Apoltronado en un sillón ergonométrico, dos lágrimas perpetuas parecían empañar
la visión de sus ojos cansados y aturdidos por tantos paisajes, por tantos
colores, por tantas bestias que los drones de reconocimiento le mostraban en
cualquier ángulo que pudiera imaginar.
Cualquier
ignorante de su vida lo consideraría un desconsiderado con suerte. Un
quisquilloso que pretendía recibir más de lo que ya tenía.
Nadie
conocía su secreto, nadie sabía de sus atropelladas lecturas de Salgari,
Stevenson, Verne, Rider Haggard, Rice Burroughs, Holmberg, Oesterheld,
Howard, Borges y Tolkien. Nadie conocía su fascinación por ser un pirata
aventurero descubridor de continentes perdidos, de civilizaciones olvidas, para
realizar viajes a otro planeta, atravesando los límites de la realidad, para encontrar
la Atlántida, Lemuria, Mu, la Tierra Media, el Dorado, un político honesto o el
sentido común de la humanidad.

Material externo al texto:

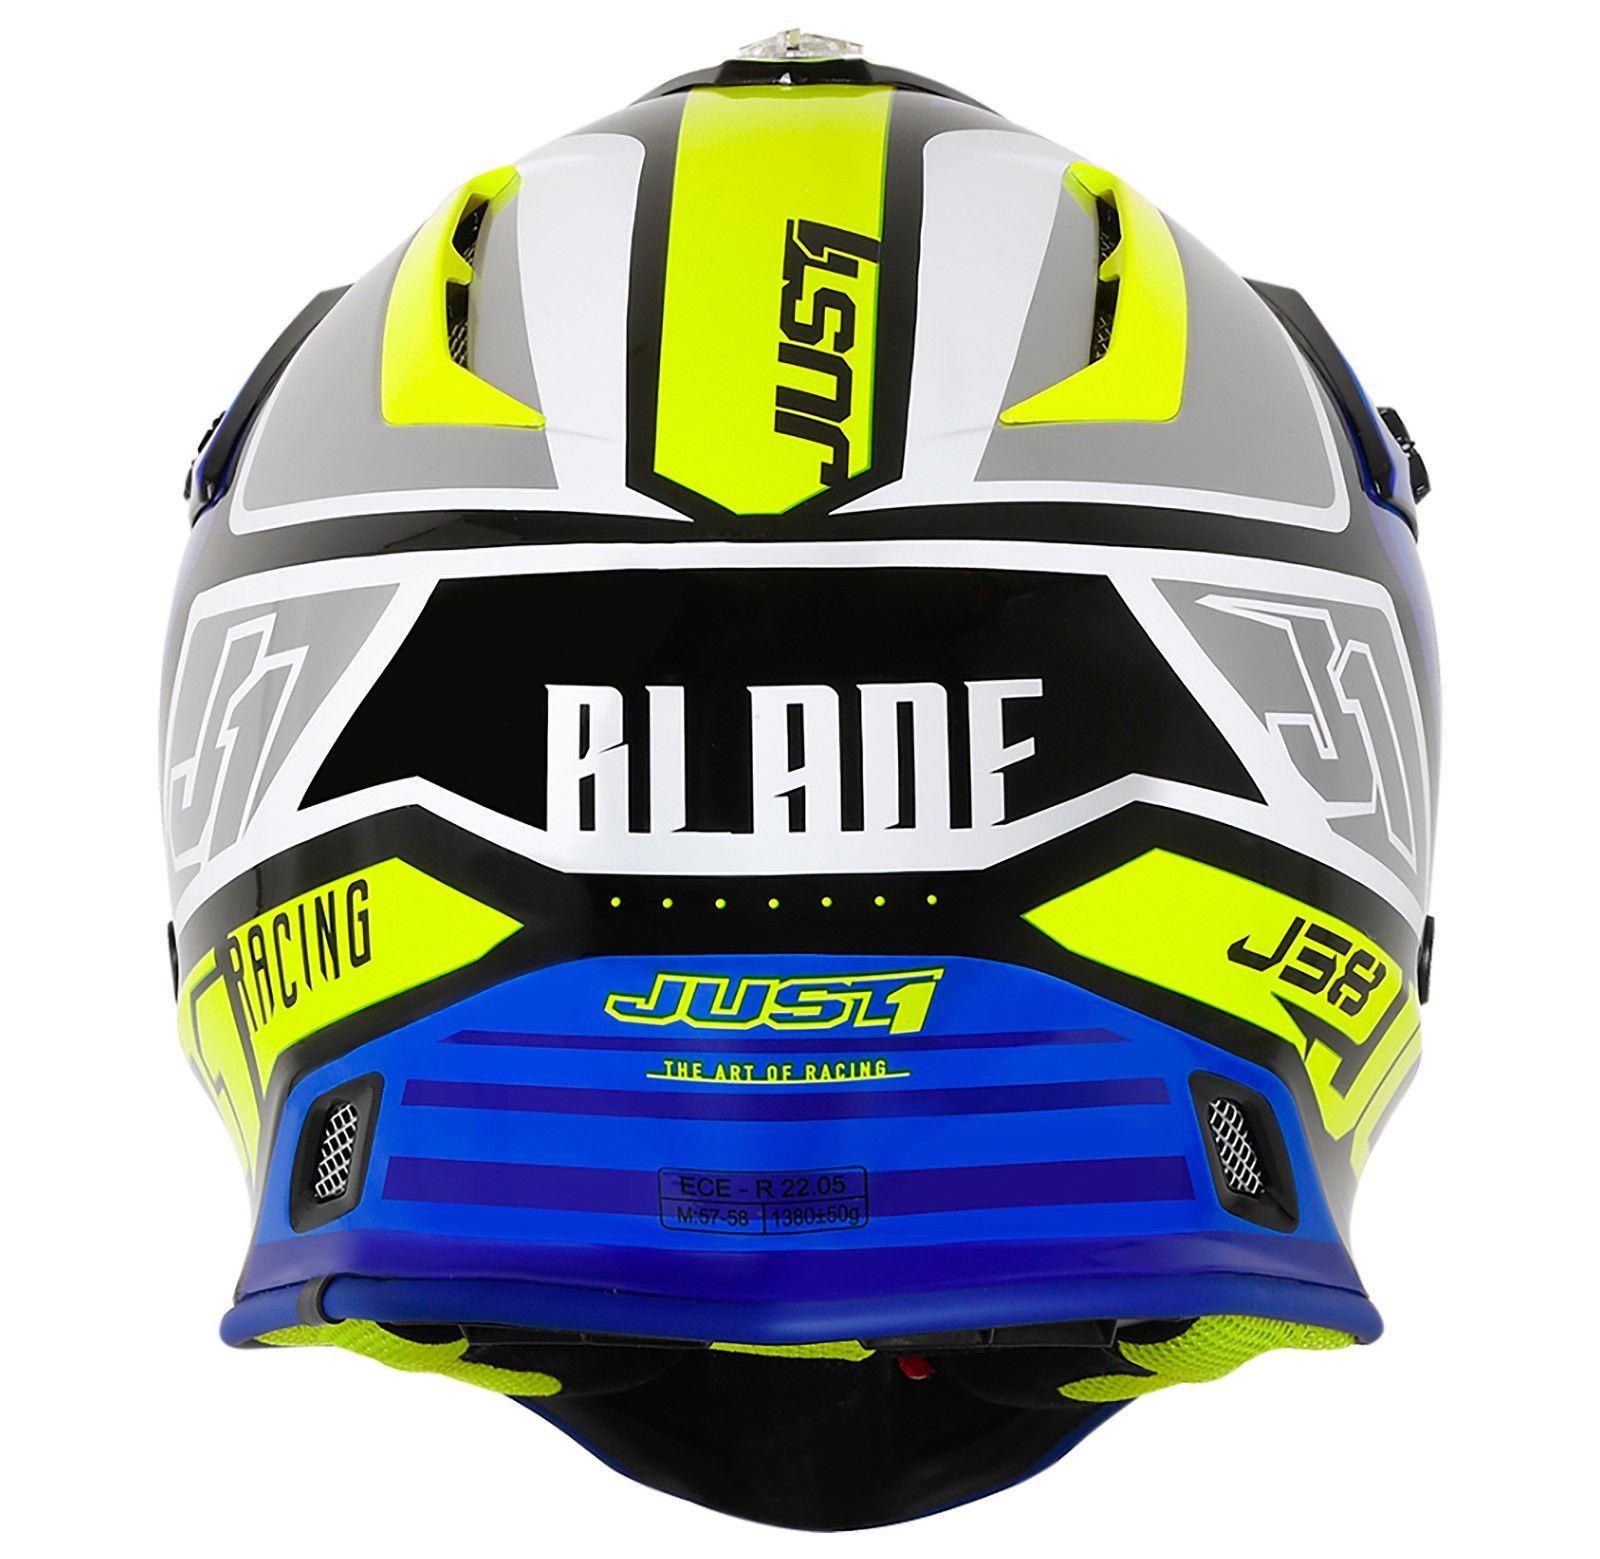 Just1-J38-Blade-Helmet-Motocross-Enduro-MX-ATV-Motorcycle-Off-Road-Full-Face-ACU thumbnail 17

Cualquier cosa que aún no fuera conocida por
nadie más. Pero nada de eso le era posible. Nada, en lo absoluto.
Ni siquiera
podía levantarse del cómodo sillón, y no porque se hubiera adaptado tanto a su fisonomía
que cualquier otra cosa le resultaría incómoda, sino porque, como habrán
adivinado a partir del título de esta terrible historia, sus huesos eran de
cristal. Claro que no literalmente, nadie tiene huesos de cristal; ni siquiera
en los campos de incubación han llegado a tanto en sus experimentos génicos. Su
condición era más una metáfora que una realidad, pero que no por eso dolía
menos.
El
dolor más grande que viviera fue el darse cuenta de su condición.
Cuando decidió
dejar su cubículo habitacional silbando la clásica melodía del himno del
campeonato mundial de fútbol de Italia 1990, luego de haberse preparado durante
años, acopiando los conocimientos requeridos para perderse en la jungla, para
sobrevivir sin GPS, para saber que el wifi no nace de los árboles como lo
indican las leyendas urbanas, con su mochila cargada de vituallas, ropa
interior de recambio y sueños, todo cambió. Más que nada porque fue incapaz de
llegar muy lejos desde su portal.
A los pocos
pasos, al comenzar a descender el primero de los cincuenta y tres tramos de
escaleras, trastabilló y cayó, de frente, a lo largo de la totalidad de los
escalones. Al llegar al nivel de la calle, apenas podía respirar, la suerte
había querido de ninguna de sus costillas rotas le perforara los pulmones; el
resto de sus huesos estaban, cuando menos, triturados.
La
recuperación ósea le llevó cinco años; le tomó otros tres para que su cuerpo
recuperara la postura erguida y aún otros dos años para caminar de manera más o
menos aceptable. Para ese momento sus piernas y brazos tenían la fuerza
suficiente para cargar la mochila, previo cambio de los alimentos enlatados
vencidos, sobre su espalda.
En
esa segunda oportunidad no fue la escalera quien limitó su aventura. Había
logrado que colocaran un ascensor en el centro del módulo habitacional un año
antes, cuando su recuperación se encontraba completa en su casi totalidad. Por
lo que logró efectivamente salir a la calle, casi se diría que por primera vez.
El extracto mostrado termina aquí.